▶ [Problem to solve]:
Transcribe the whole listing below. Pictures do not go in the copy.

▶ [Data extract]:

____

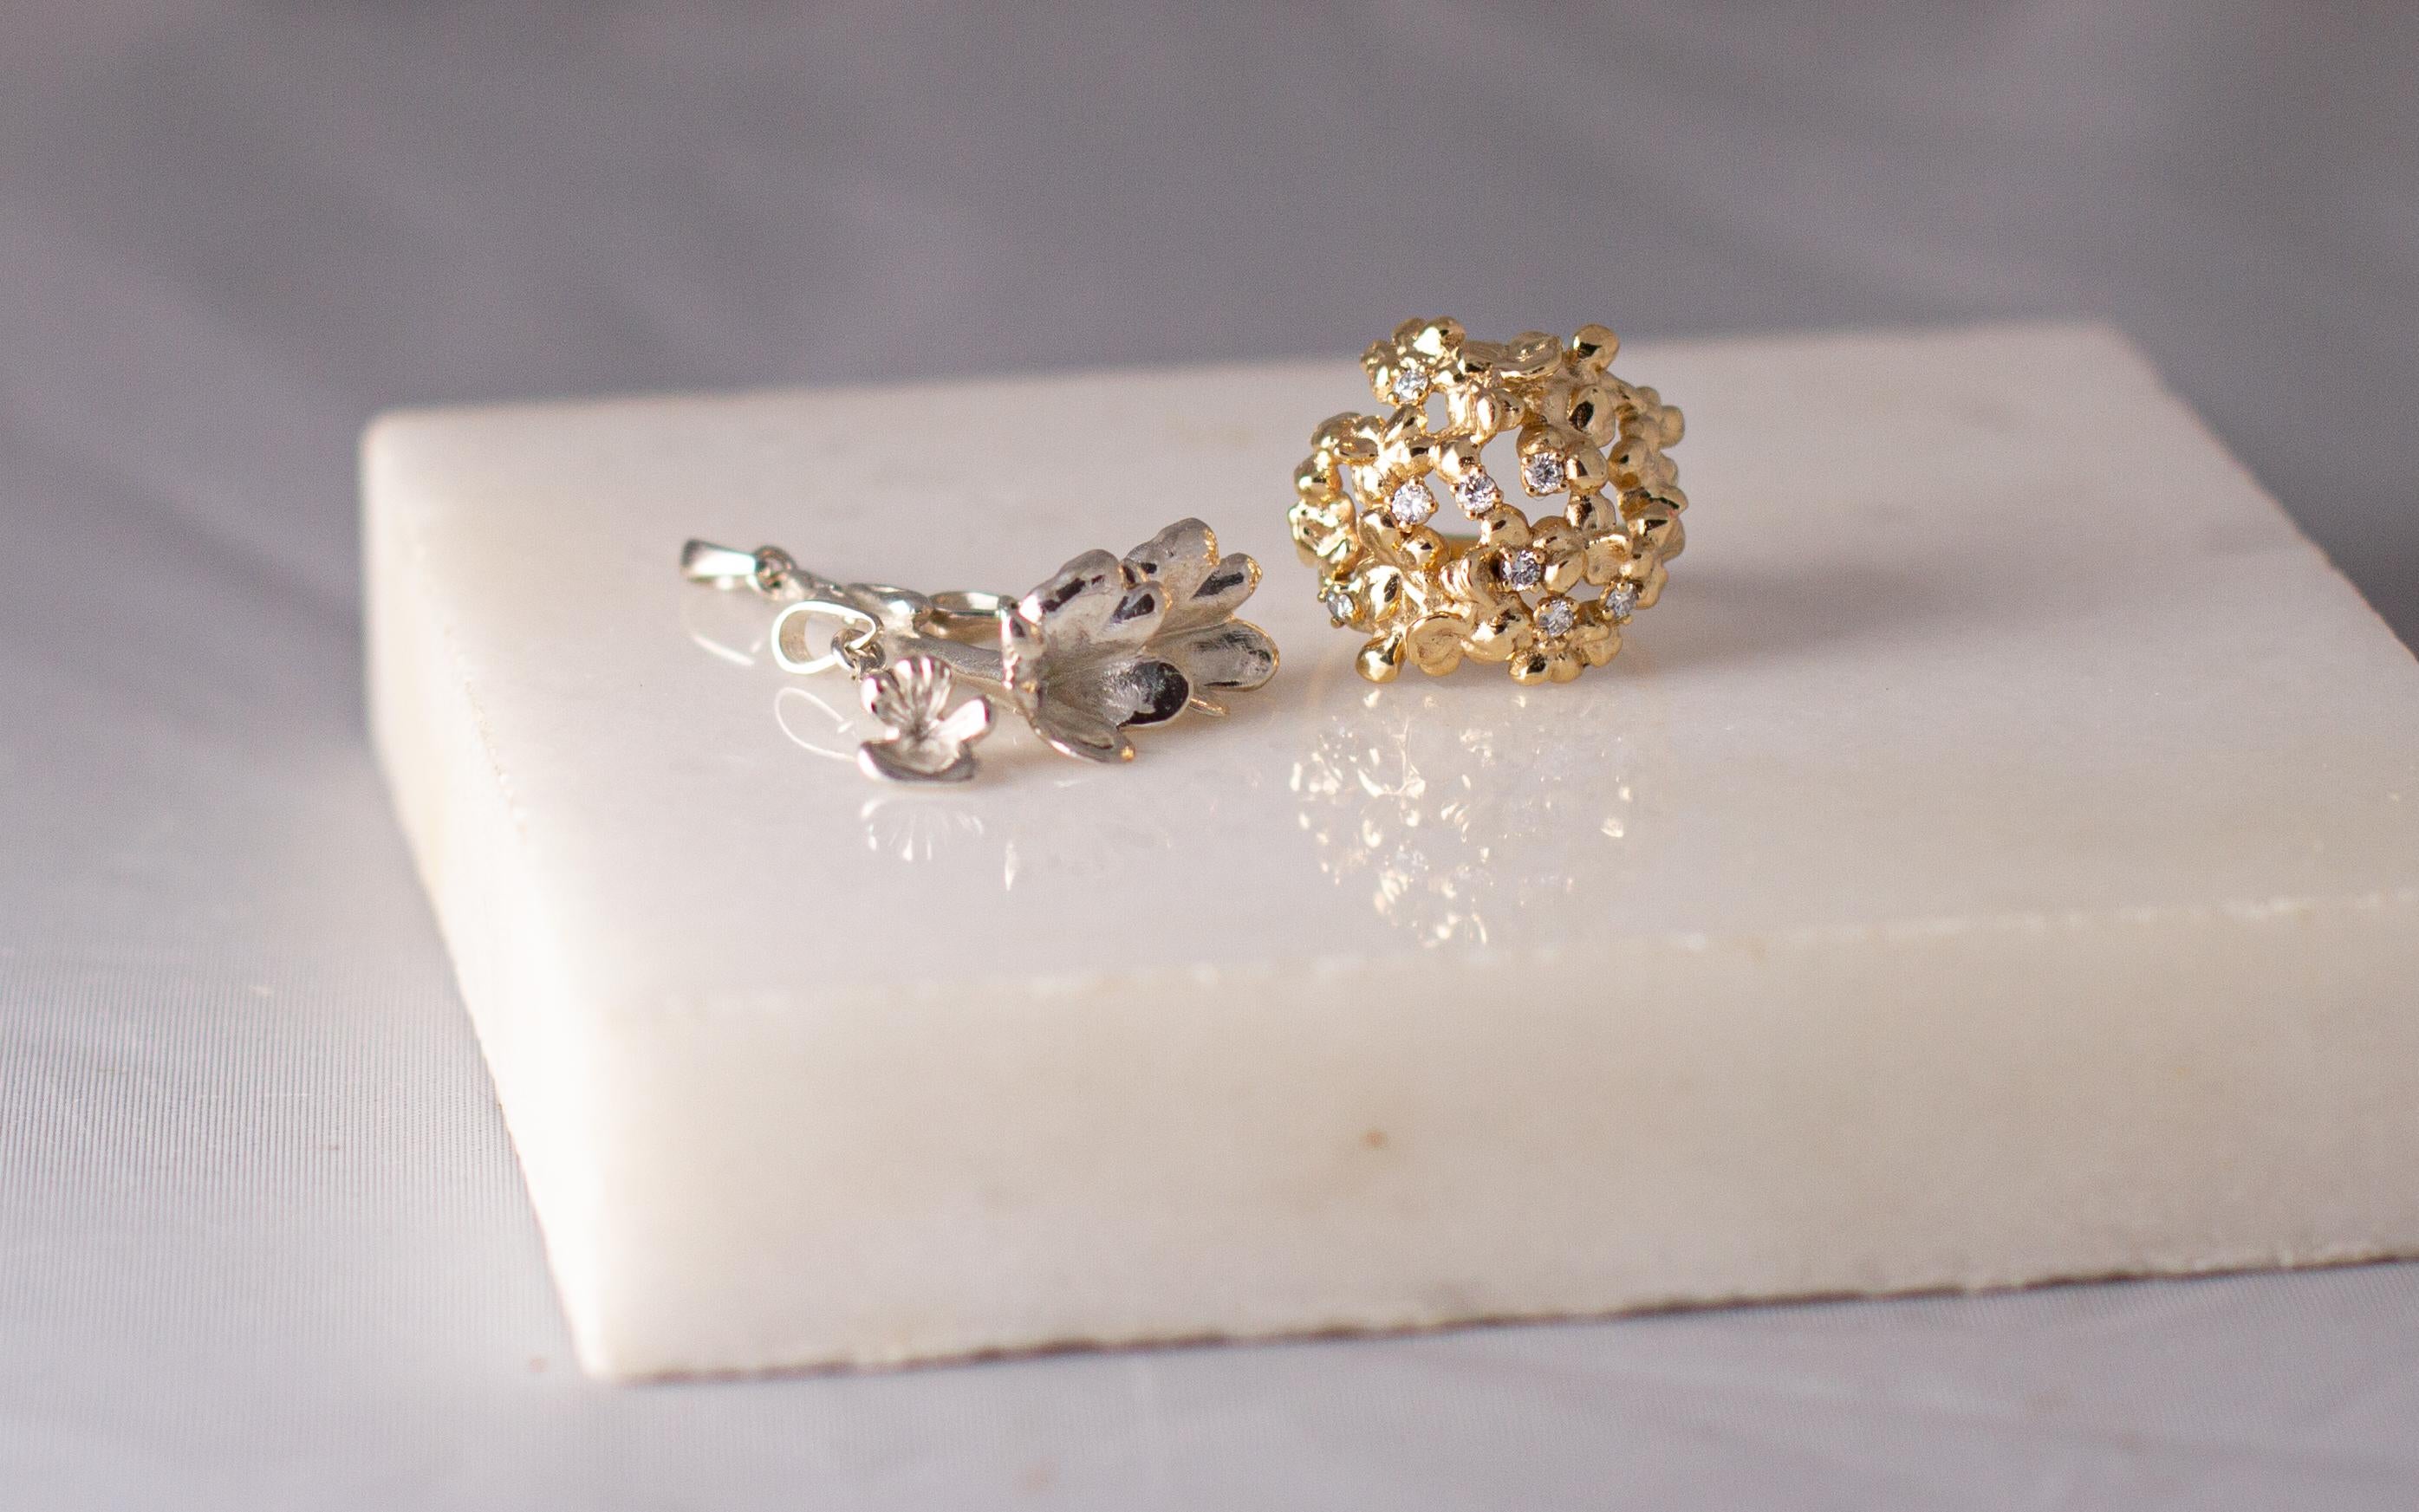 Le pendentif en or blanc 18 carats, Bindweed, appartient à la collection de bijoux Blossom conçue par l'artiste peintre Polya Medvedeva, basée à Berlin. La collection a été présentée dans Vogue et Harper's Bazaar UA, et ce pendentif est une pièce en
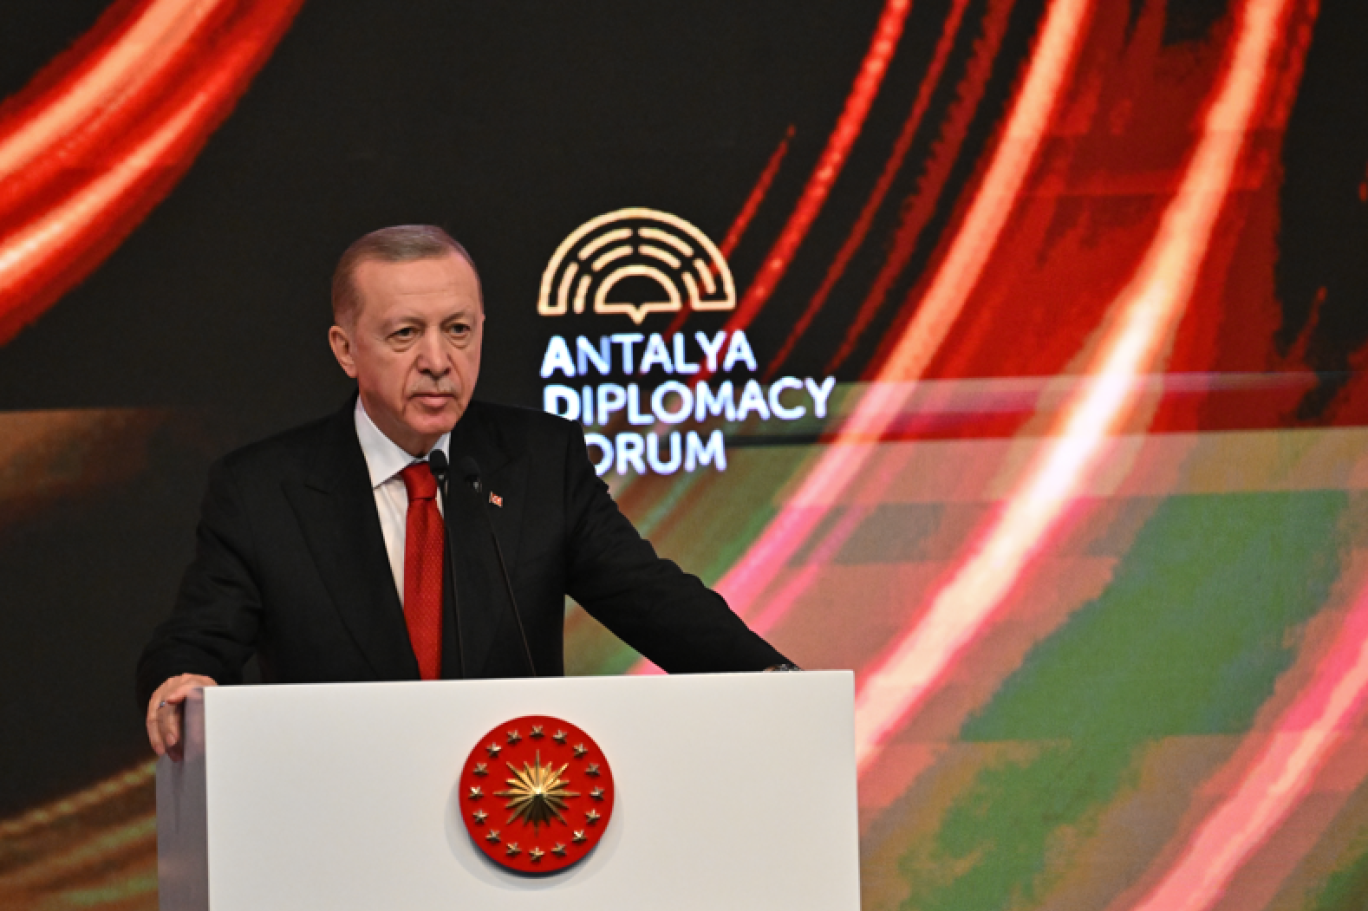 YAP nümayəndə heyəti III Antalya Diplomatiya Forumunda iştirak EDİR
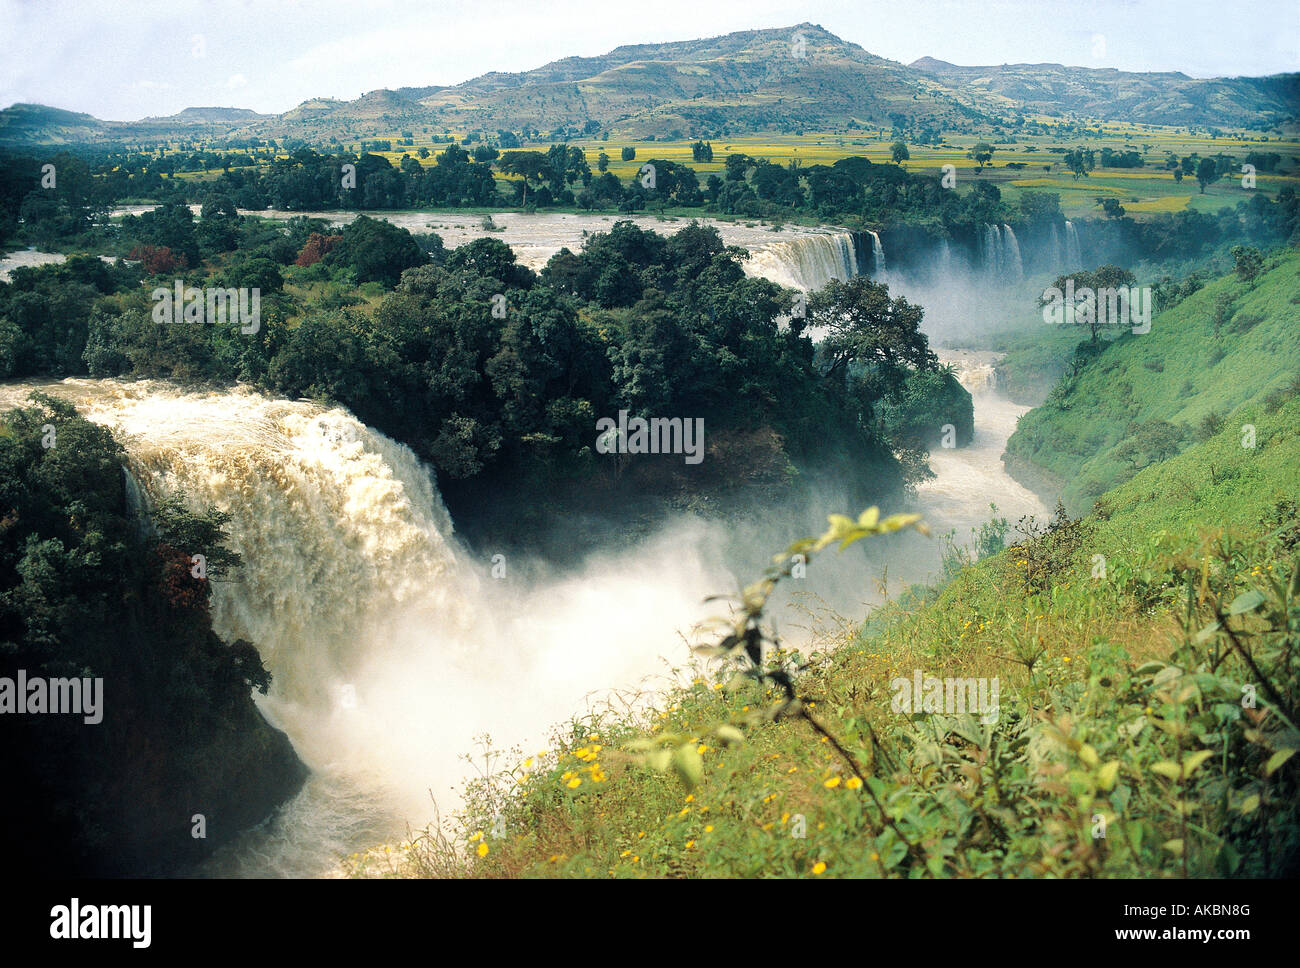 Chutes du Nil bleu appelé Tis Abay ou Tis Isat ou chutes de Tissisat Bahr Dar Ethiopie Afrique Banque D'Images

____

▶ [Task answer]:
 Le pendentif en or blanc 18 carats, Bindweed, appartient à la collection de bijoux Blossom conçue par l'artiste peintre Polya Medvedeva, basée à Berlin. La collection a été présentée dans Vogue et Harper's Bazaar UA, et ce pendentif est une pièce en
 YAP nümayəndə heyəti III Antalya Diplomatiya Forumunda iştirak EDİR
 Chutes du Nil bleu appelé Tis Abay ou Tis Isat ou chutes de Tissisat Bahr Dar Ethiopie Afrique Banque D'Images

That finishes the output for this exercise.